The internet threatens to usurp all the comfortable underpinnings of this market structure. To begin with, it has taken consumers’ pre-purchase evaluation to a new level of objectivity, with product and price comparisons, not to mention peer reviews (that highest of recommendations, word of mouth). All this is well ring-fenced from the traditional vehicles of push-centred marketing communications, such as advertising. Nor, any longer, is online use the isolated province of a few geeks. BT has recently feted its five-millionth broadband UK customer, quite a boost on the 200,000 subscribers of just three years ago. According to the head of Pipex, a leading internet service provider, by 2008 the UK will have 11 million people signed up to broadband out of a potential 27 million.

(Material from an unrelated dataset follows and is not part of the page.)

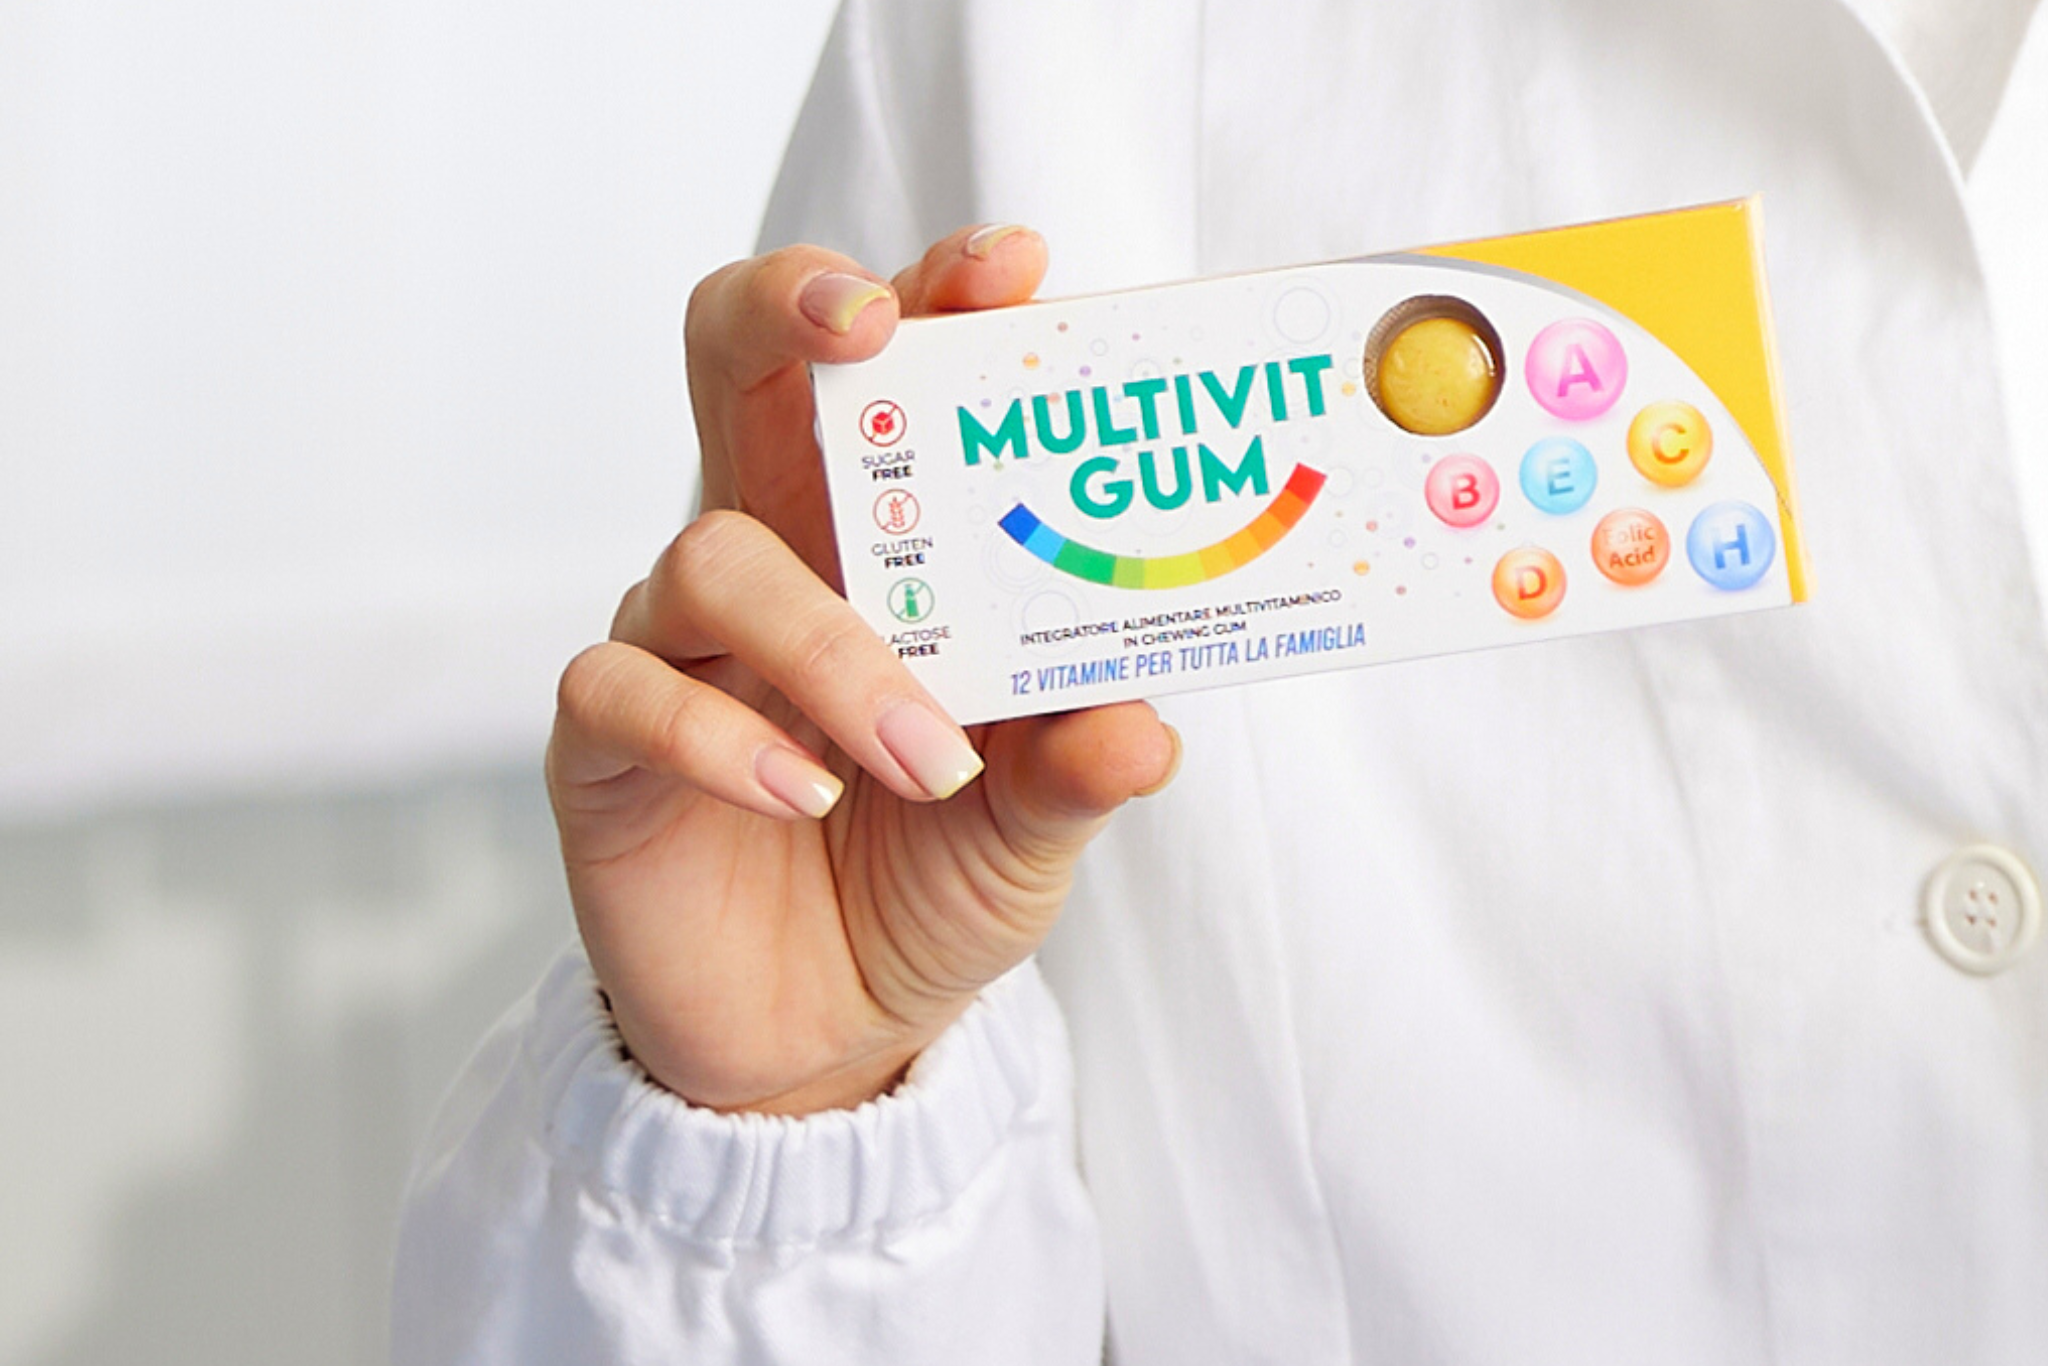 Immagine illustrativa che rappresenta un momento quotidiano di consumo delle Multivit Gum, sottolineando la facilità di assunzione e i benefici immediati come l'aumento dei livelli di energia e il miglioramento del benessere generale

Similarly, the traditional shop is being undermined in the other two functions outlined above. While it won’t cease to be an important destination for the prospective shopper (especially where big-ticket items such as cars are concerned), that will not guarantee a financial transaction. For certain kinds of customer – shopping in certain kinds of category – mail order has long provided an alternative to a direct retail transaction. But the challenge from digital payment systems – their immediacy and range of appeal – is altogether more daunting for the traditional retailer.
Of course, this is not to suggest that clicks and mortar are incompatible. Often they are highly symbiotic: for evidence, look no further than the likes of Tesco and Waitrose. Nevertheless we have glimpsed the power, appeal and – let’s not forget – relatively low cost of internet services that work. It’s easy to see which way the balance of power is swinging.